_About this task_: Without any images, write the listing below out word for word.
··· Collected material
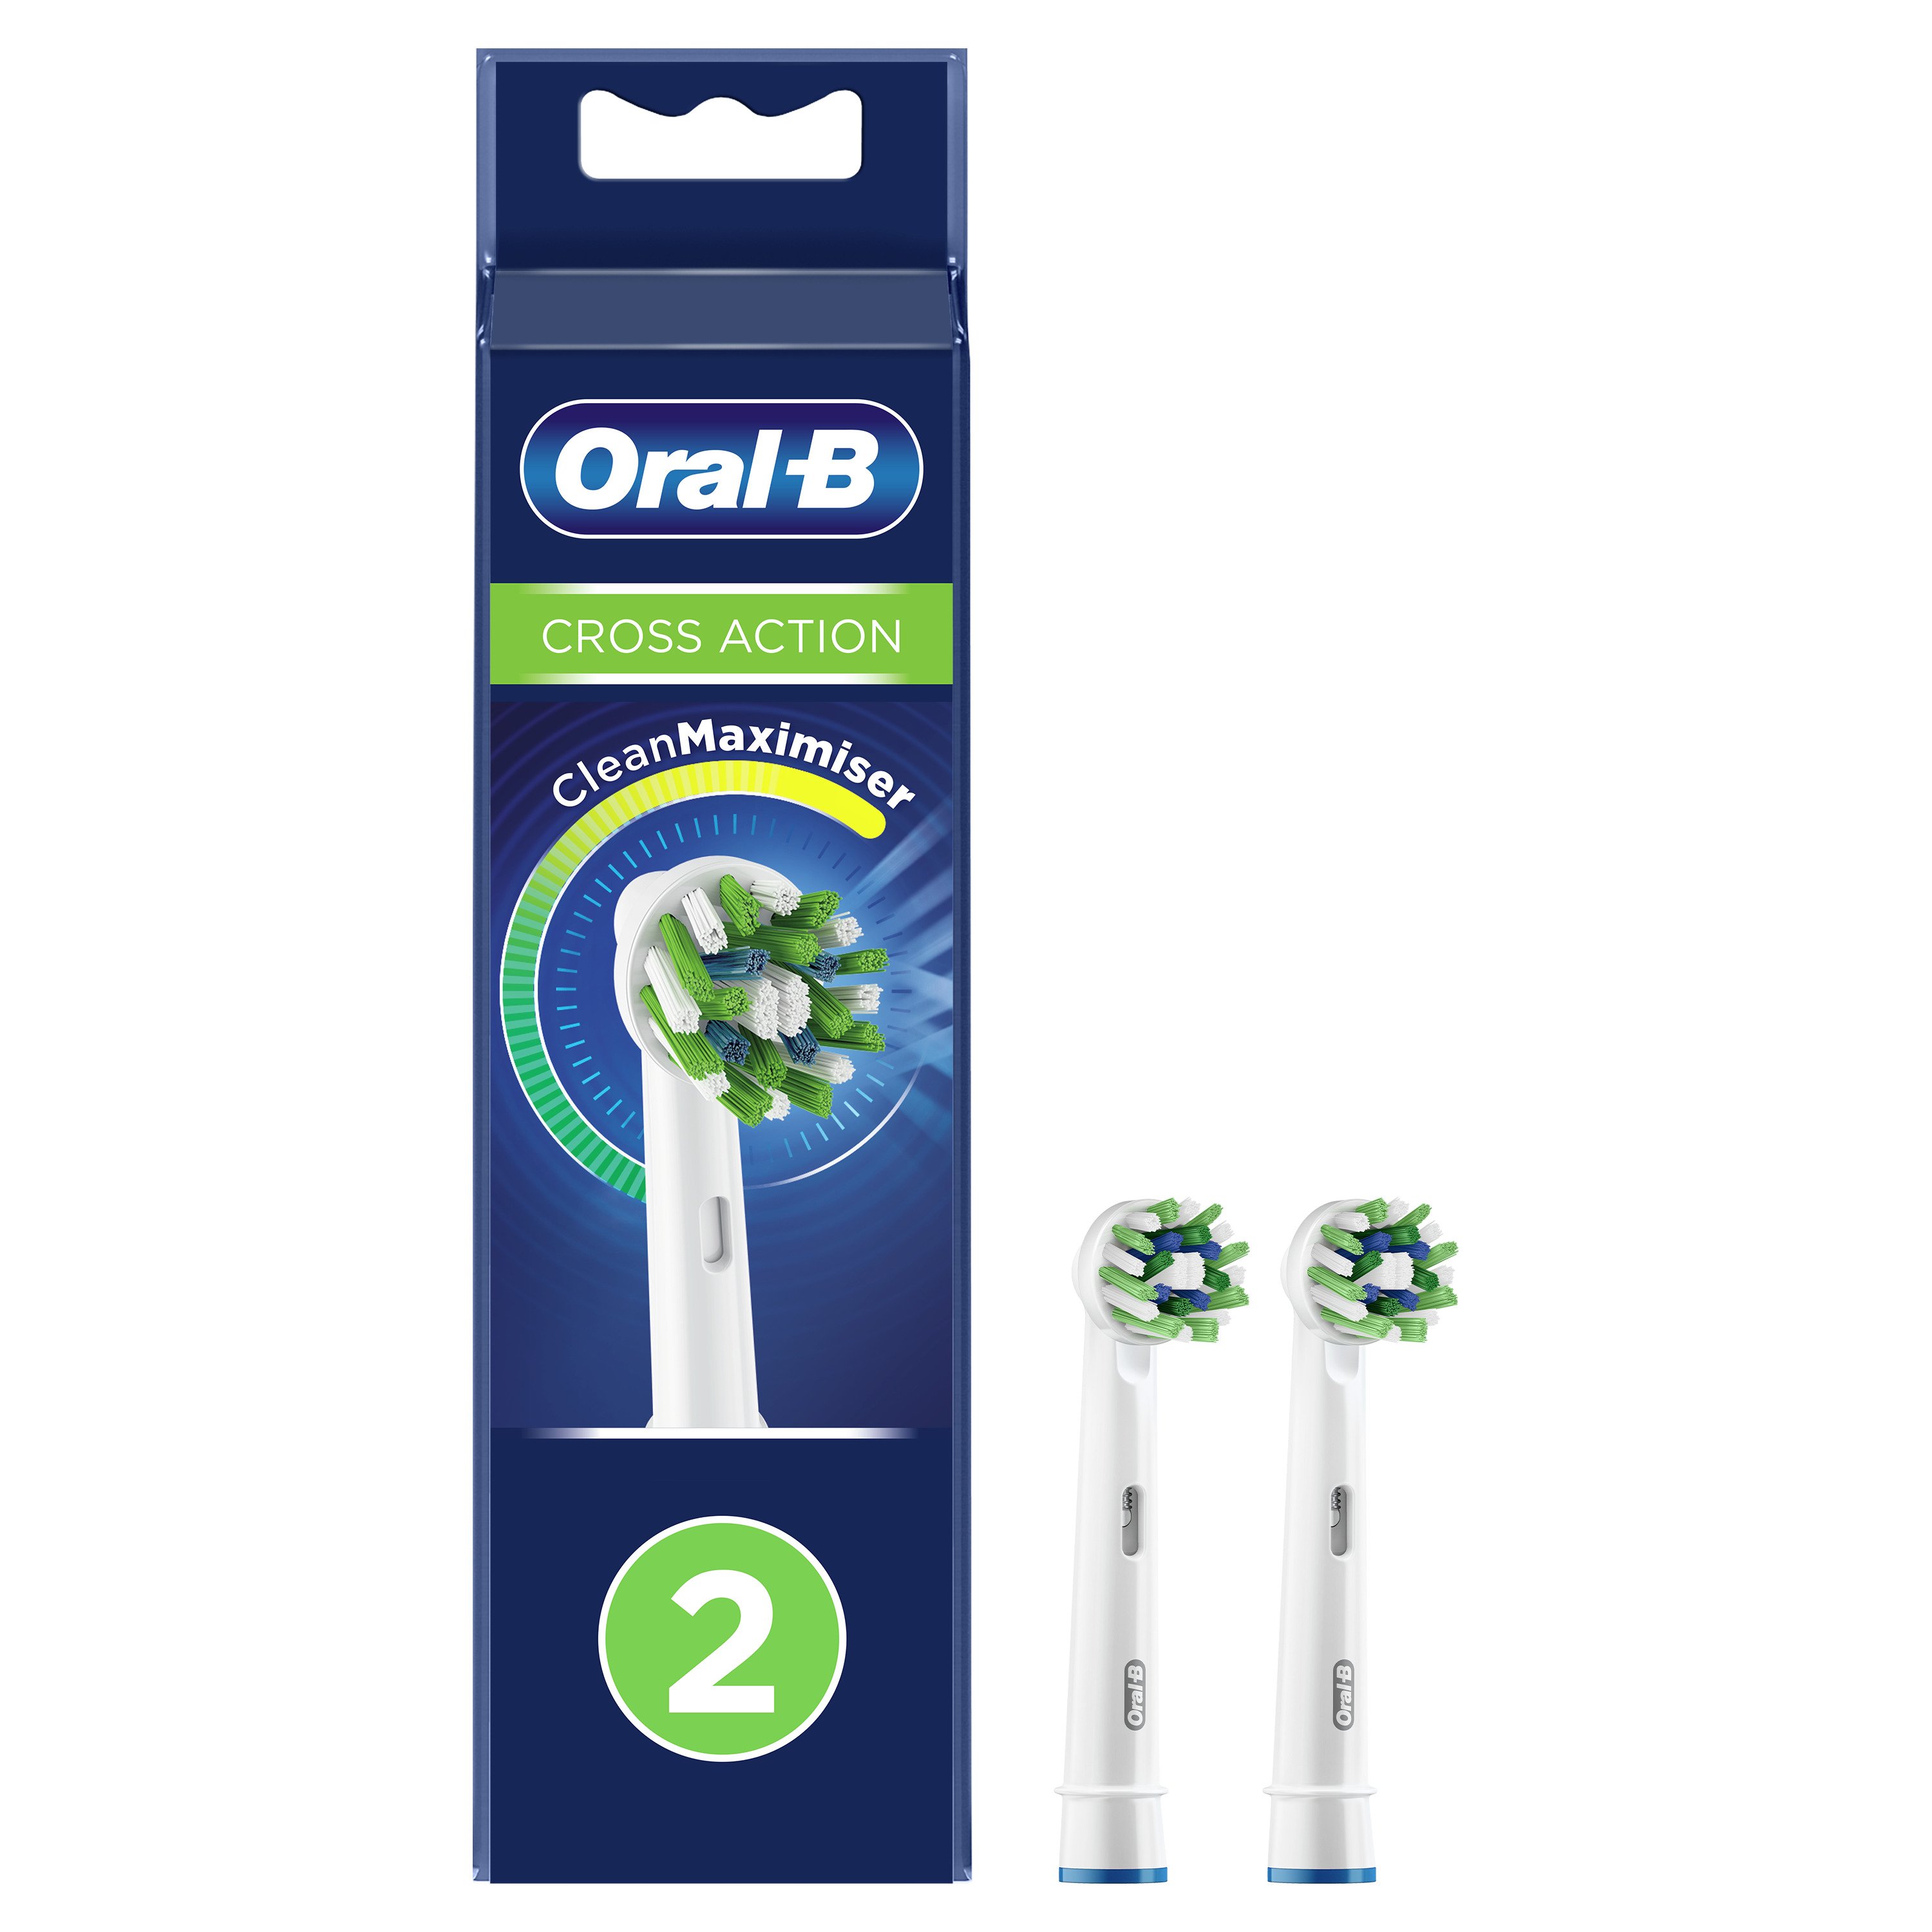 Насадка для электрической зубной щетки Braun Oral-B EB50RB-2 Cross Action насадка для электрической зубной щетки oral b cross action cleanmaximiser черная
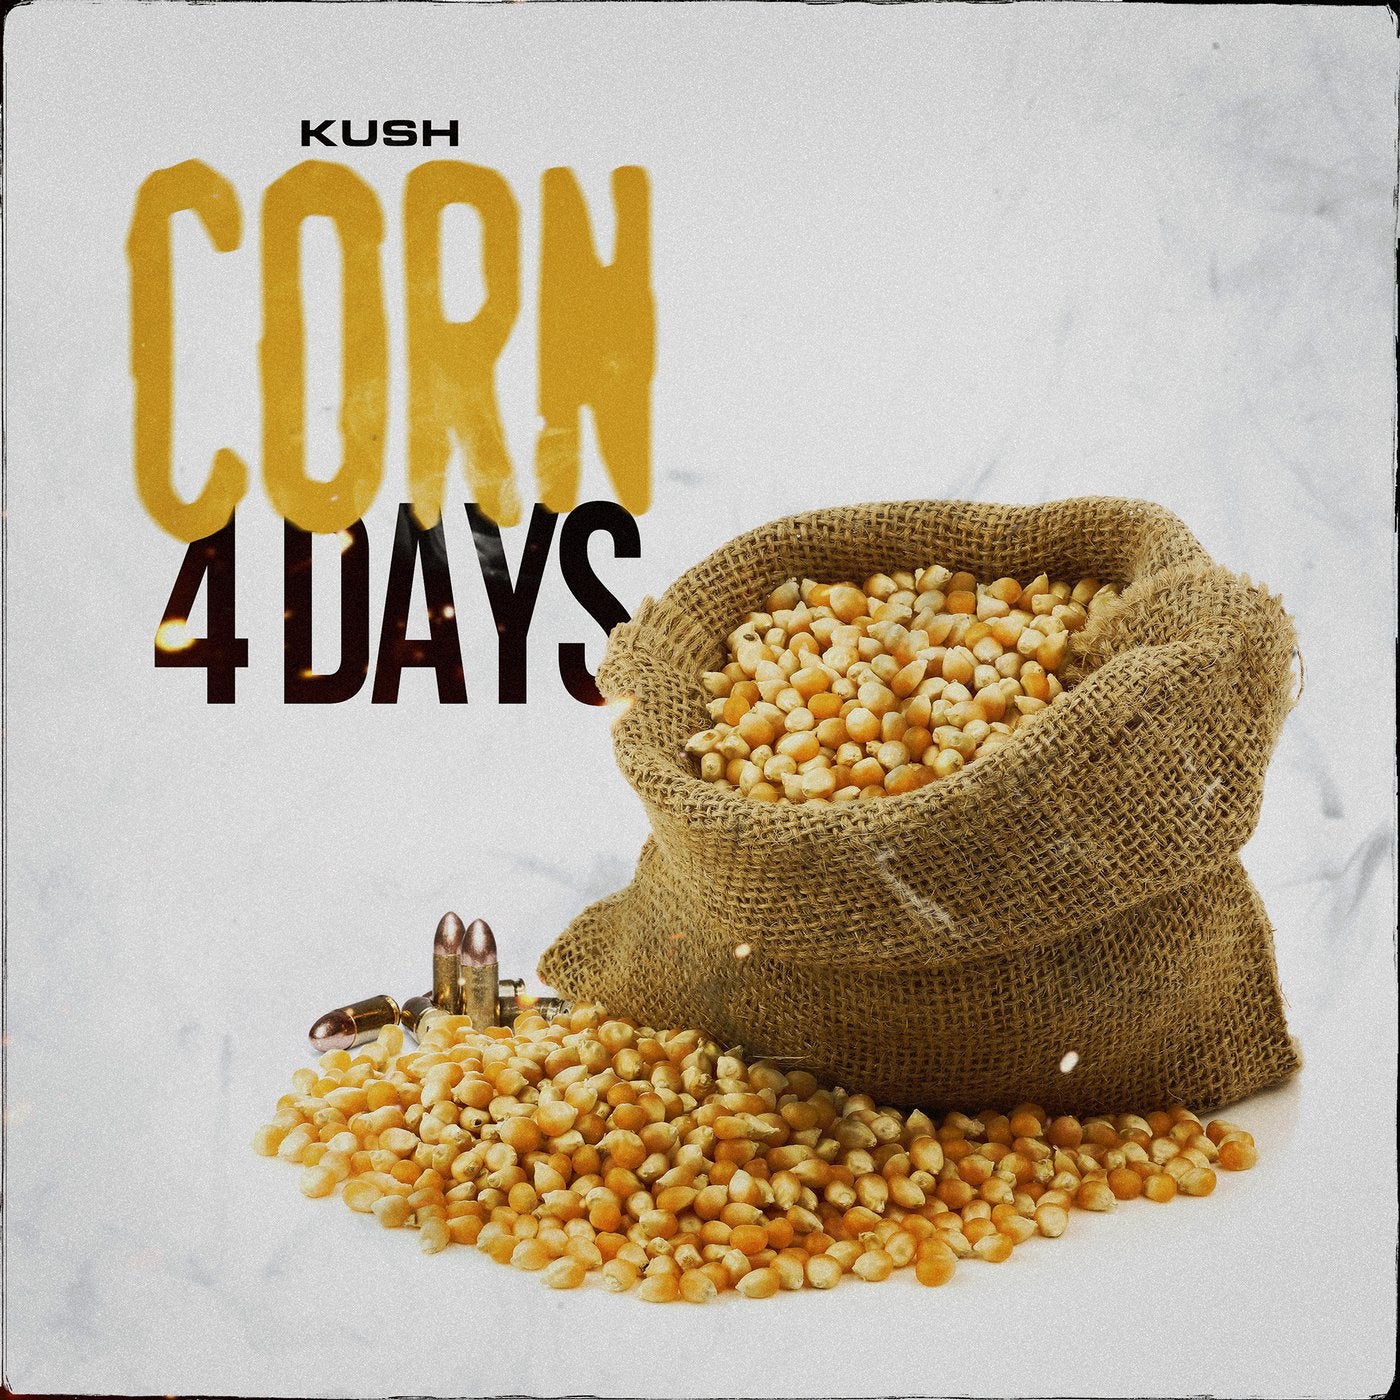 Corn песни. Corn Day. Корн альбомы. Corn песня. Dirty Corn песня.
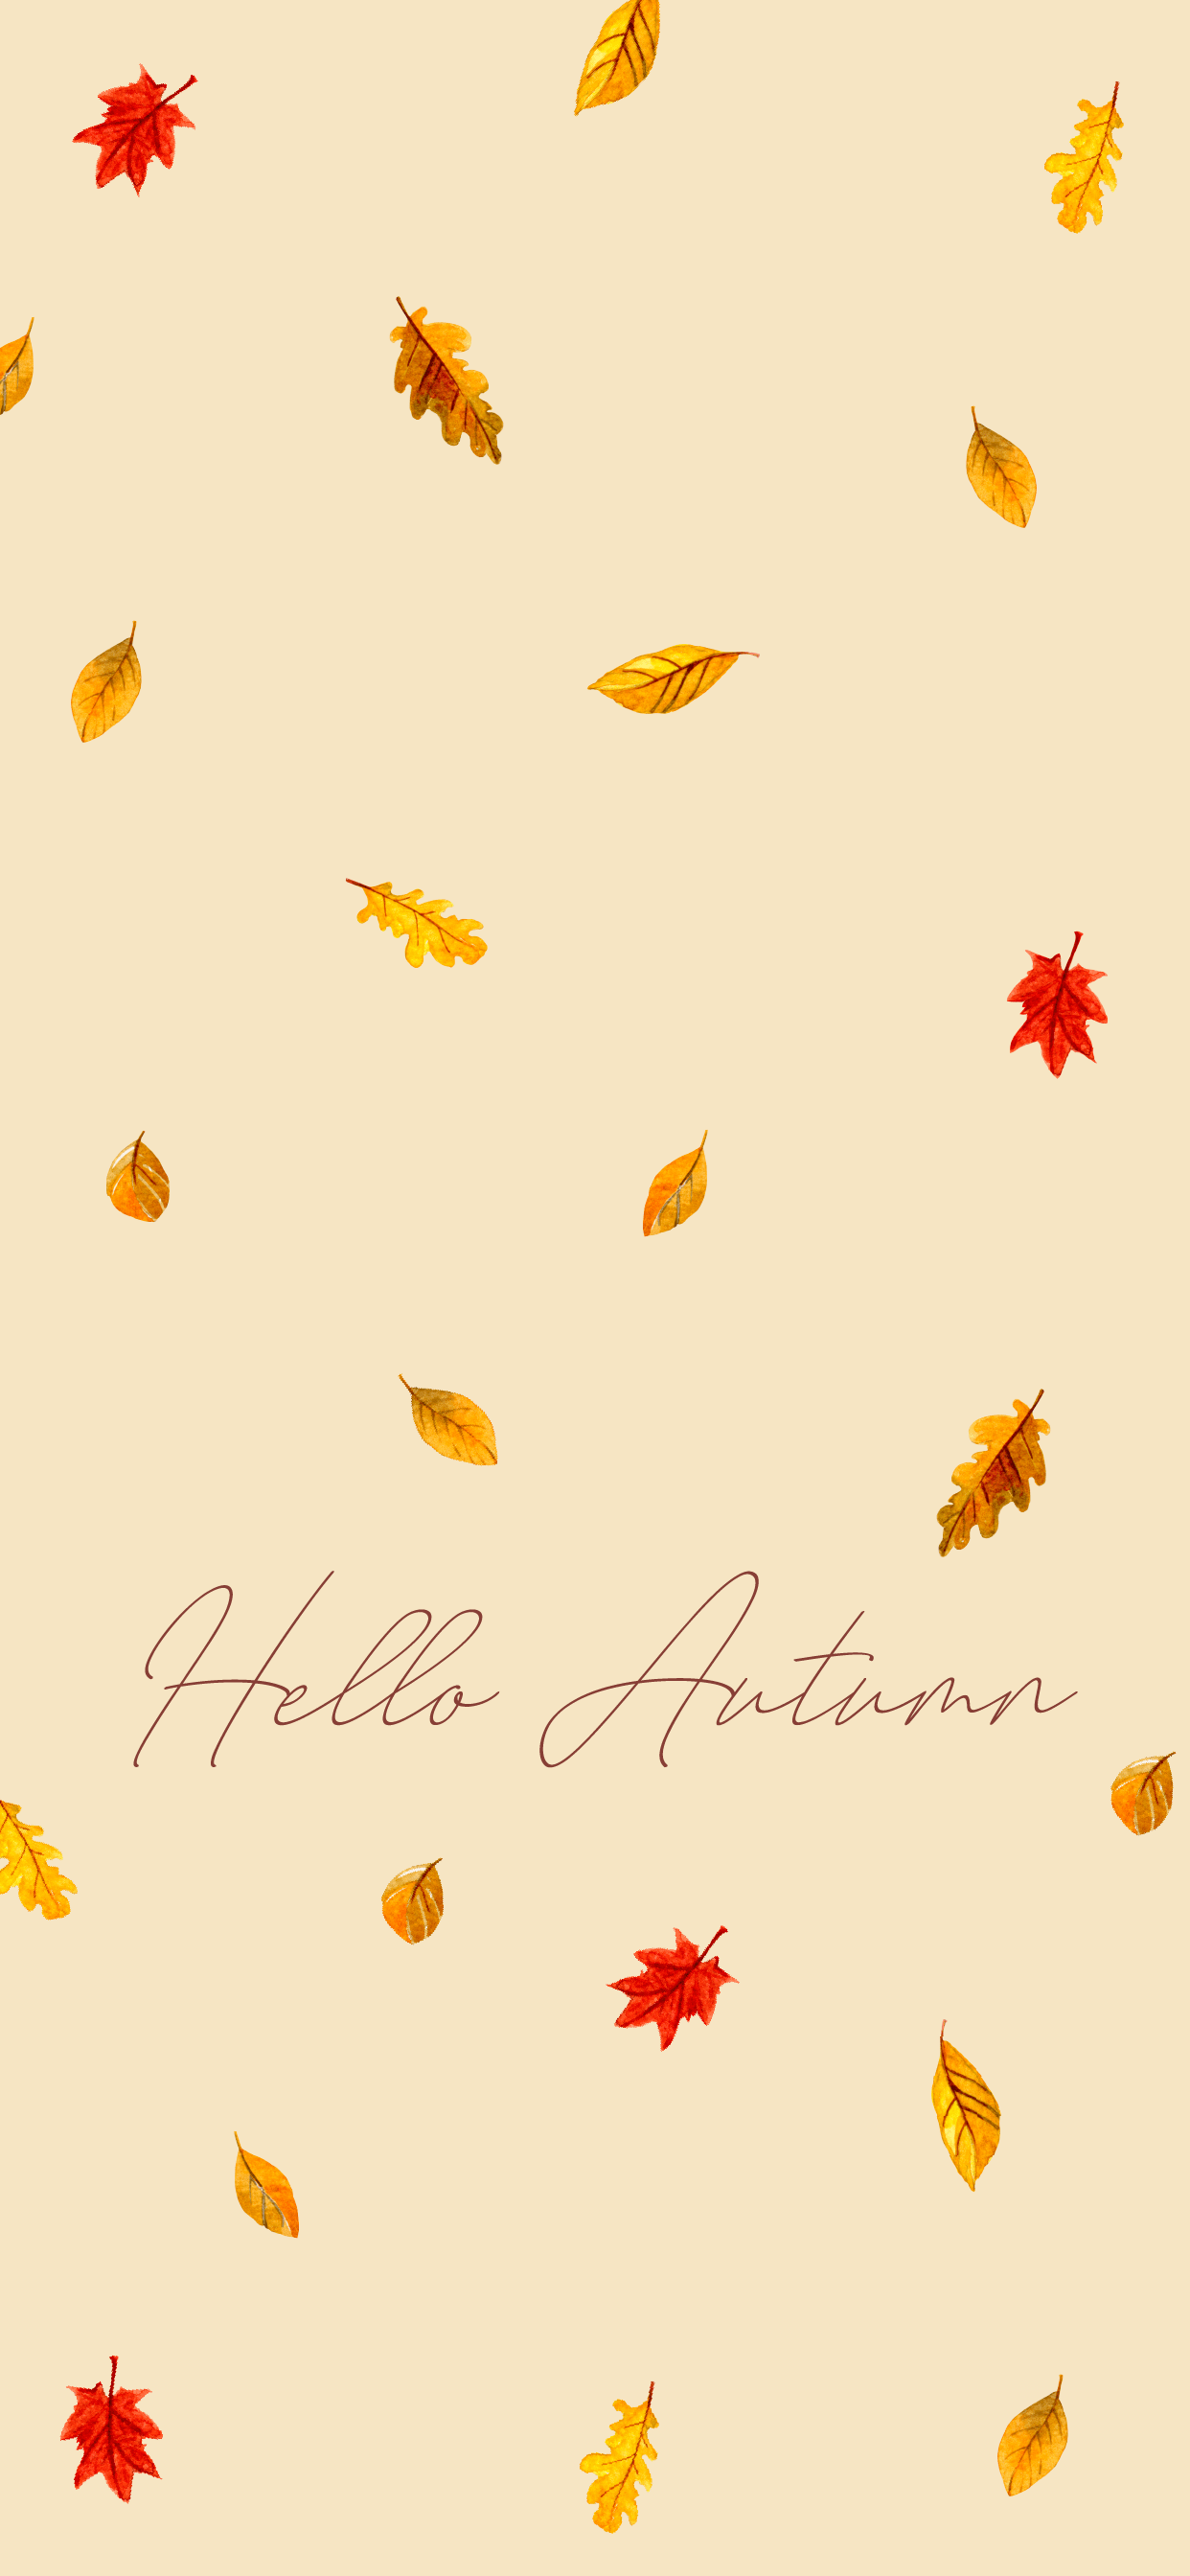 Free Autumn iPhone Wallpaper. Thanksgiving iphone wallpaper, iPhone wallpaper fall, Autumn phone wallpaper
······
_Solution for this exercise_:
 Насадка для электрической зубной щетки Braun Oral-B EB50RB-2 Cross Action насадка для электрической зубной щетки oral b cross action cleanmaximiser черная
 Corn песни. Corn Day. Корн альбомы. Corn песня. Dirty Corn песня.
 Free Autumn iPhone Wallpaper. Thanksgiving iphone wallpaper, iPhone wallpaper fall, Autumn phone wallpaper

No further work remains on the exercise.